To make it through the cold season, we nicked ten blankets and a half-dozen children’s coats from the Salvation Army store, and we ate small meals, subsisting mainly on weak teas brewed from bark and twigs. In the dull light of January and February, we often did not stir at all, but sat alone or in clumps of two or three, dripping wet or stone cold, waiting for the sun and the resumption of our lives. Chavisory grew stronger by and by, and when the wild onions and first daffodils appeared, she could take a few steps with bracing assistance. Each day, Speck pushed her one painful pace forward. When she was well enough for us to move, we fled that miserable dungheap of memories. Despite the risks, we found a more suitable hidden home near water, a mile or so north of the new houses. On windy nights, the noises from the families carried as far as our new camp, and while not as secluded, it afforded us adequate protection. As we dug in that first day, restlessness swept over me. Smaolach sat down beside me and draped an arm across my shoulders. The sun was falling from the sky.
“Ní mar a síltear a bítear,” he said.
“Smaolach, if I live to be a thousand years, I’ll never understand your old language. Speak English to me.”
“Are you thinking of our friends, late and lamented? They’re better off where they are and not suffering this eternal waiting. Or is there something else on your mind, little treasure?”
“Have you ever been in love, Smaolach?”
“Once and only once, thank goodness. We were close, like every mother and son.”
“Luchóg said my mother and father are gone.”
“I don’t remember much of her. The smell of wool, maybe, and a harsh soap. Mint on the breath. A huge bosom upon which I laid my . . . No, that’s not right. She was a rake of a woman, all skin and bones. I don’t recall.”
“Every place we leave, part of me disappears.”
“Now . . . my father, there was a strapping fellow with a big black moustache curled up at the ends, or maybe it was my grandfather, come to think of it.

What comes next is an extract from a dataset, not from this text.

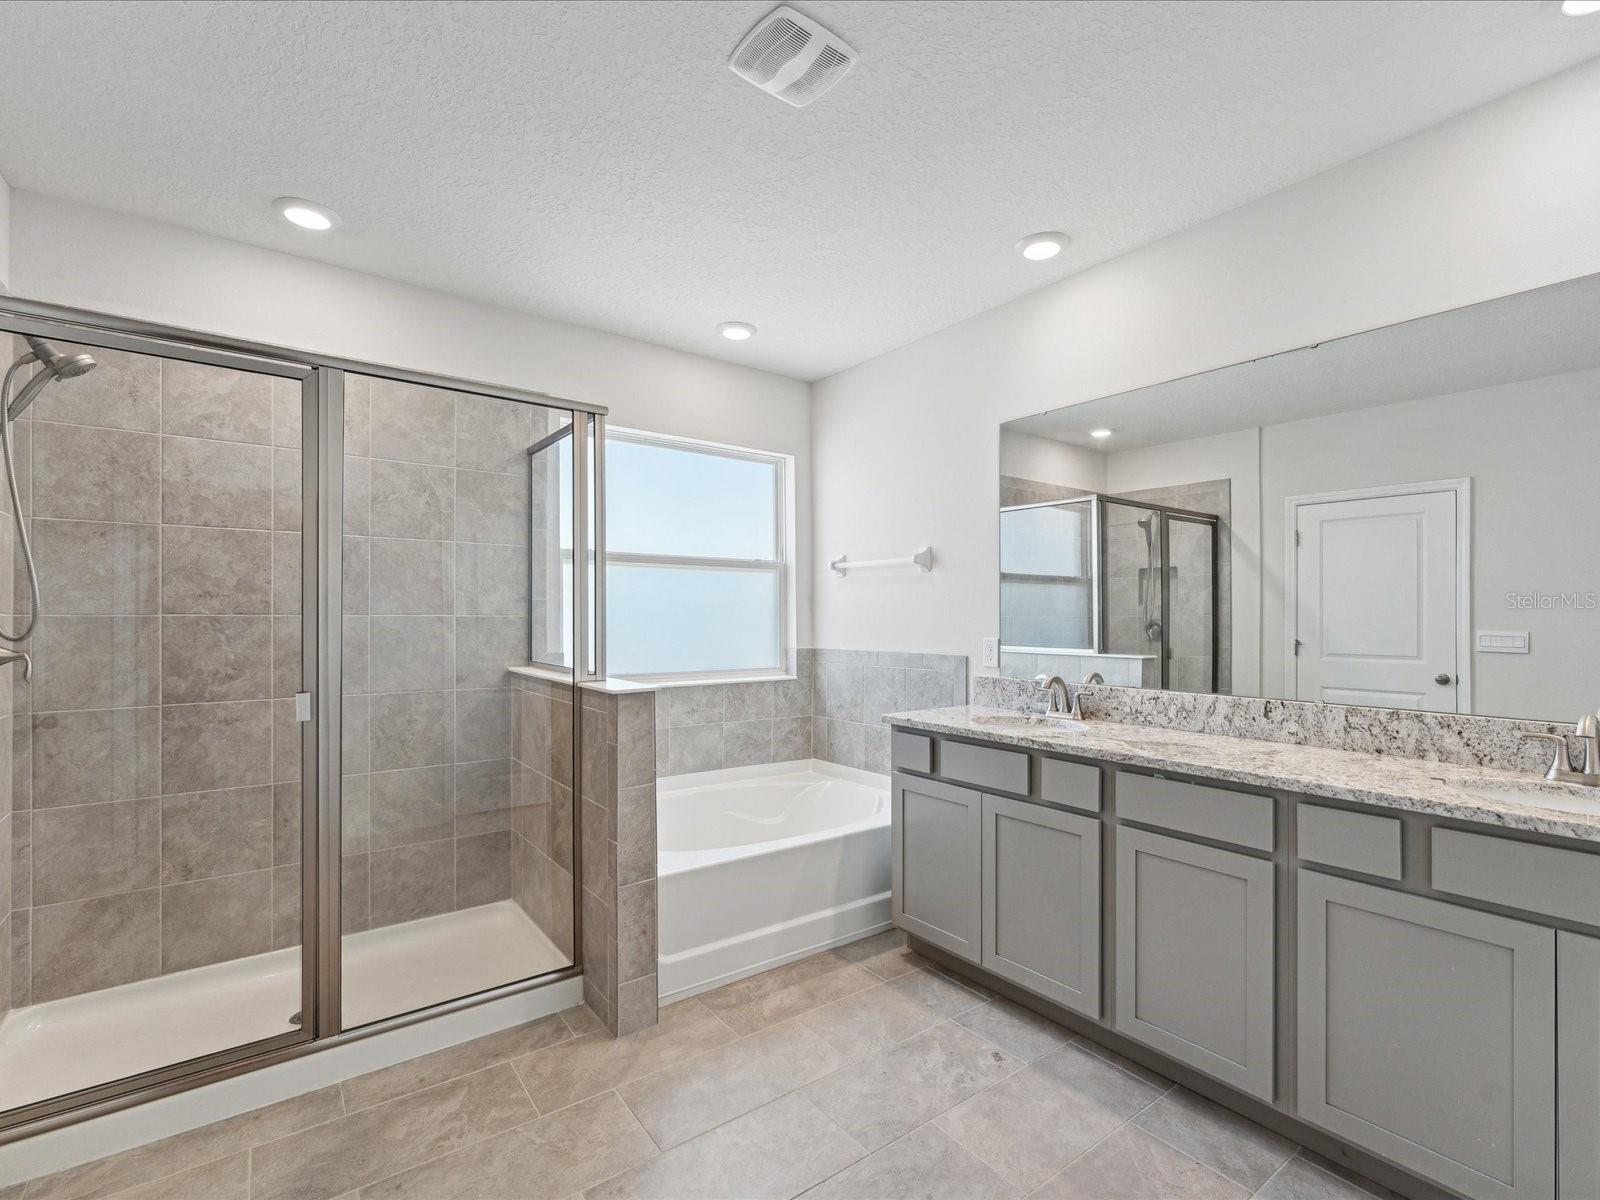 The ensuite bathroom consists of double sinks, cabinetry, shower with glass door, tub, and the second walk-in closet.
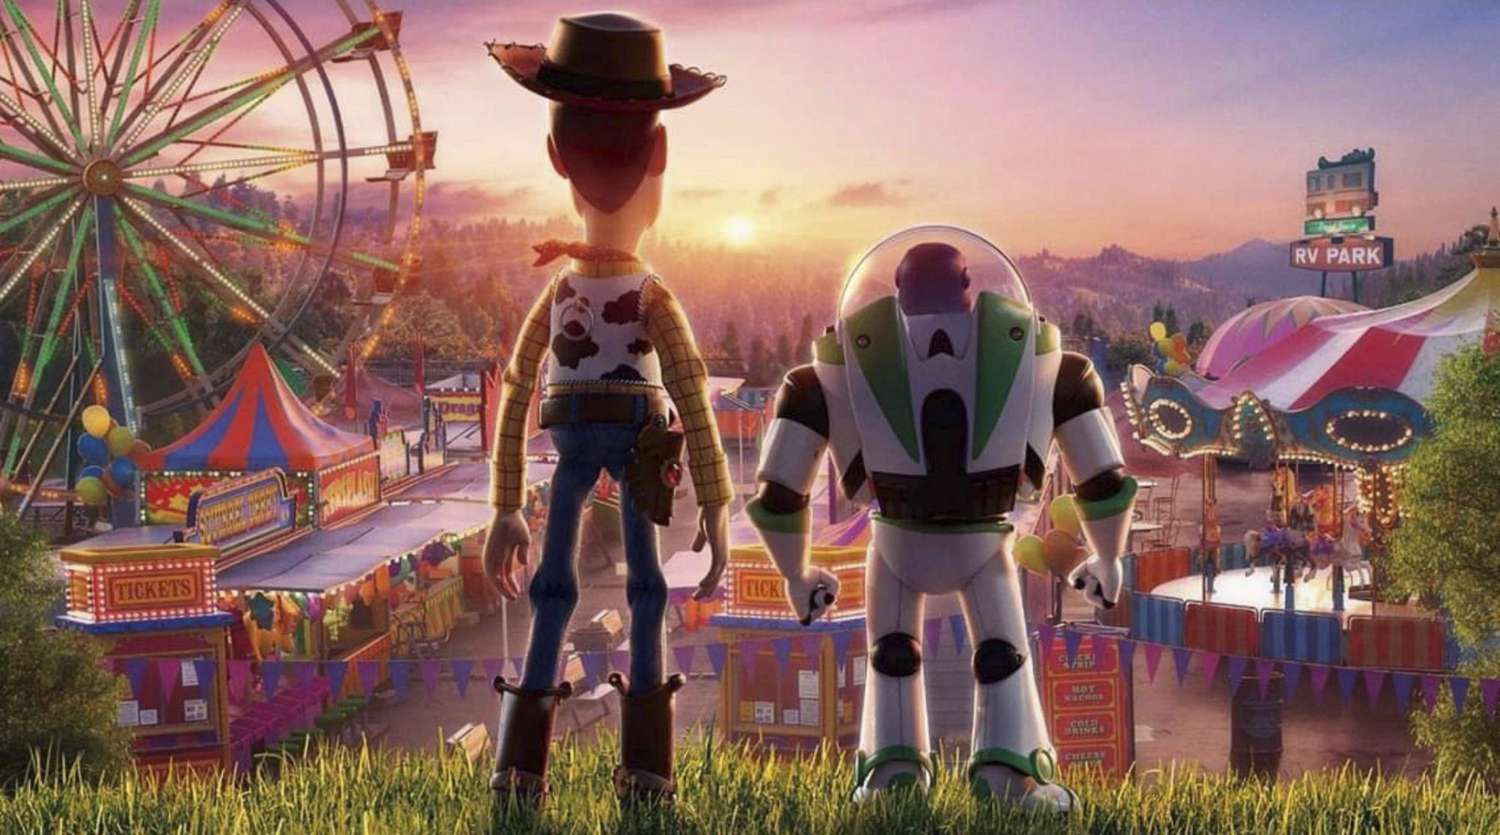 Is Toy Story 4 last?

Was a long time ago, and I’m not really sure where it was or when.”
The darkness was complete.
“That’s the way of life. All things go out and give way to one another. ’Tisn’t wise to be too attached to any world or its people.”
Mystified by Smaolach’s philosophy, I tottered off to my new bed, turned over the facts, and looked at what crawled beneath. I tried to picture my mother and father, and could not recall their faces or their voices. Remembered life seemed as false to me as my name. These shadows are visible: the sleeping man, the beautiful woman, and the crying, laughing child. But just as much of real life, not merely read about in books, remains unknown to me. A mother croons a lullaby to a sleepy child. A man shuffles a deck of cards and deals a hand of solitaire. A pair of lovers unbutton one another and tumble into bed. Unreal as a dream.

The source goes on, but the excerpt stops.